Bolsonaro y la crisis de la civilización depredadora y patriarcal

El fenómeno Bolsonaro en Brasil ha desatado un gran debate entre los sectores progresistas y las “izquierdas” de América Latina. Hay que avanzar en el análisis sin caer en justificaciones, negaciones, ánimos revanchistas o espíritus moralistas, que no sirven para nada. Claro, hay que profundizar en las causas particulares y generales de todo lo ocurrido para poder reaccionar pronto y de la mejor manera. Pero, hay que recordar que “nada es perfecto en el mundo”, “sorpresas nos da la vida” y “la vida no acaba aquí”.

Intentaremos aportar algunos elementos en la misma dinámica del anterior artículo (http://goo.gl/xLRKWw); es decir, con una mirada de mediano plazo reconociendo la complejidad de la situación. Ello, por cuanto nuestra tesis central es que enfrentamos una crisis sistémica y no solo del capitalismo. Están en juego los fundamentos de la actual civilización humana que se basa en la economía crematística y demás componentes materiales, sociales y filosóficos que se formaron a lo largo de los siglos (concepciones y técnicas depredadoras de la naturaleza y del ser humano, relaciones sociales de explotación, formas políticas de dominación como el patriarcalismo y la democracia representativa, y la lógica lineal y formal).

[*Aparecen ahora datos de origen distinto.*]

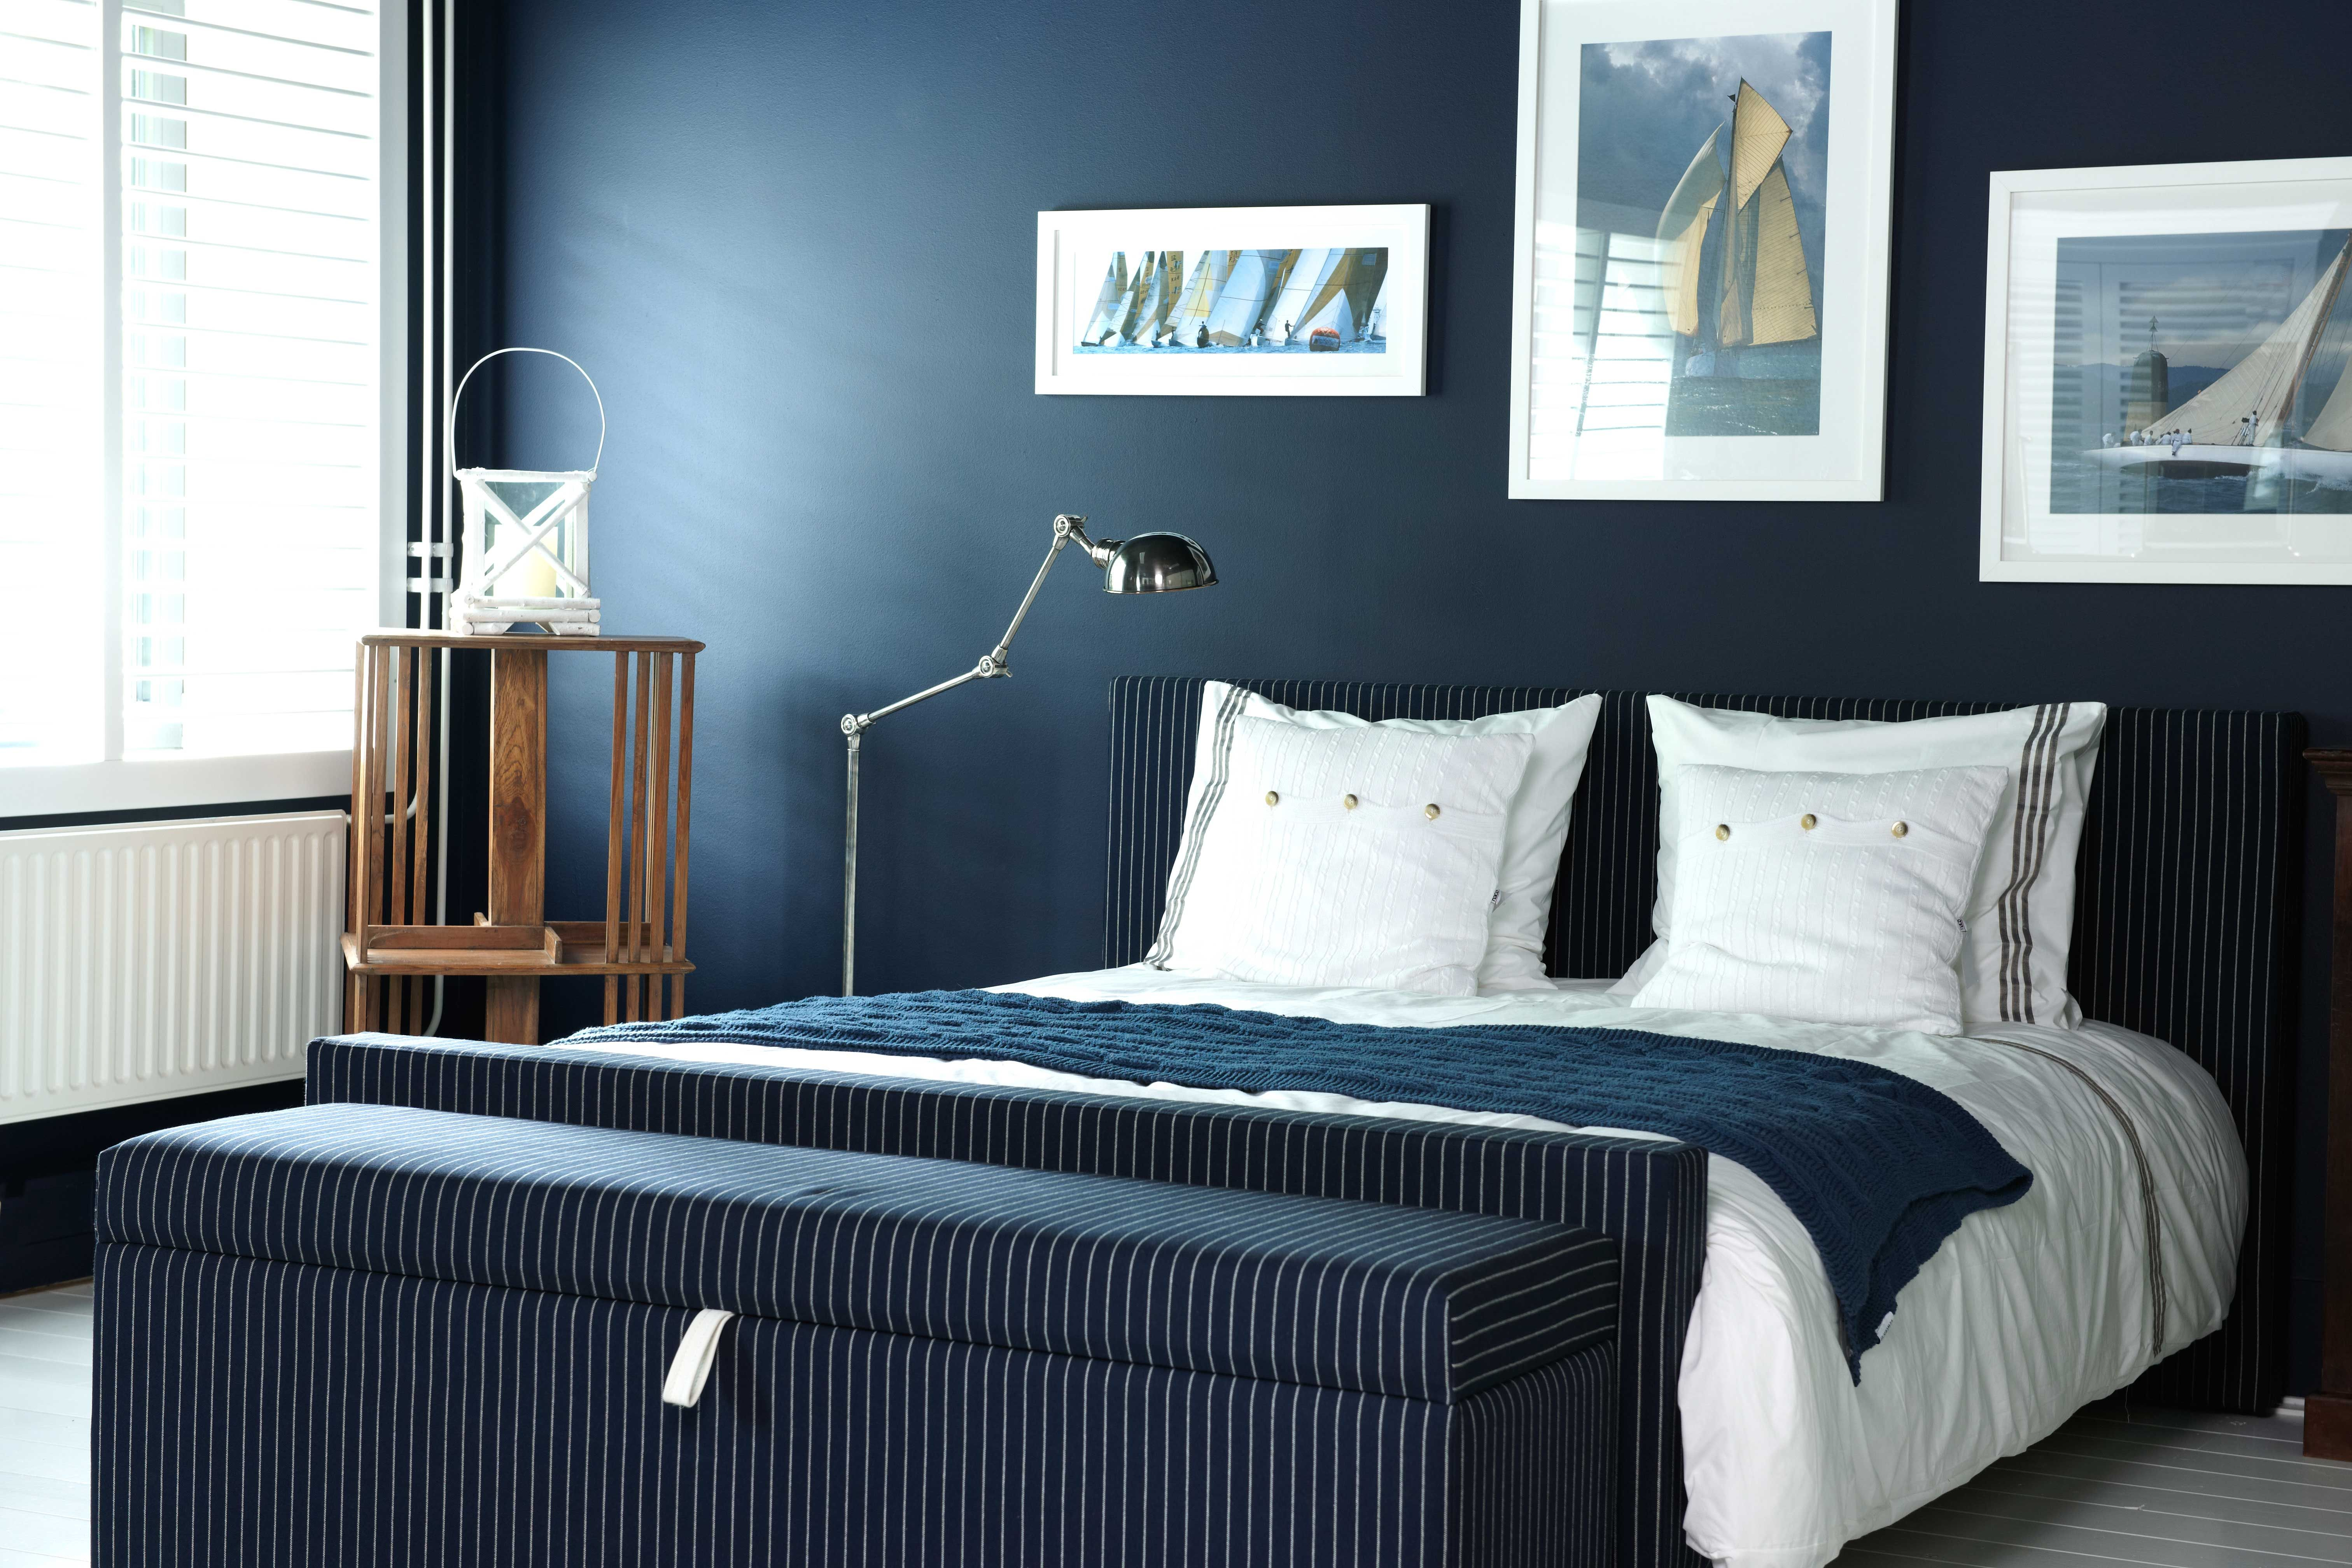 Slaapkamer in statig donkerblauw (met krijtstreep!) | Moadboard ...

Ubico cuatro aspectos en la discusión planteada: 1. ¿El ascenso de Bolsonaro es un fenómeno global o es particular (local y regional)? 2. ¿Es fruto de procesos sociales provocados por la crisis sistémica del modelo de desarrollo o es solo resultado de estrategias planeadas y ejecutadas por las élites capitalistas? 3. ¿Los líderes “proto” y “neo-fascistas” se fortalecen ante la ausencia de una propuesta trascendente y transformadora de las fuerzas democráticas o solo es resultado de errores puntuales de los gobiernos progresistas y de izquierda? 4. ¿Se debe abandonar el campo de la lucha institucional incluyendo lo electoral o hay que tratar de rectificar sobre la marcha?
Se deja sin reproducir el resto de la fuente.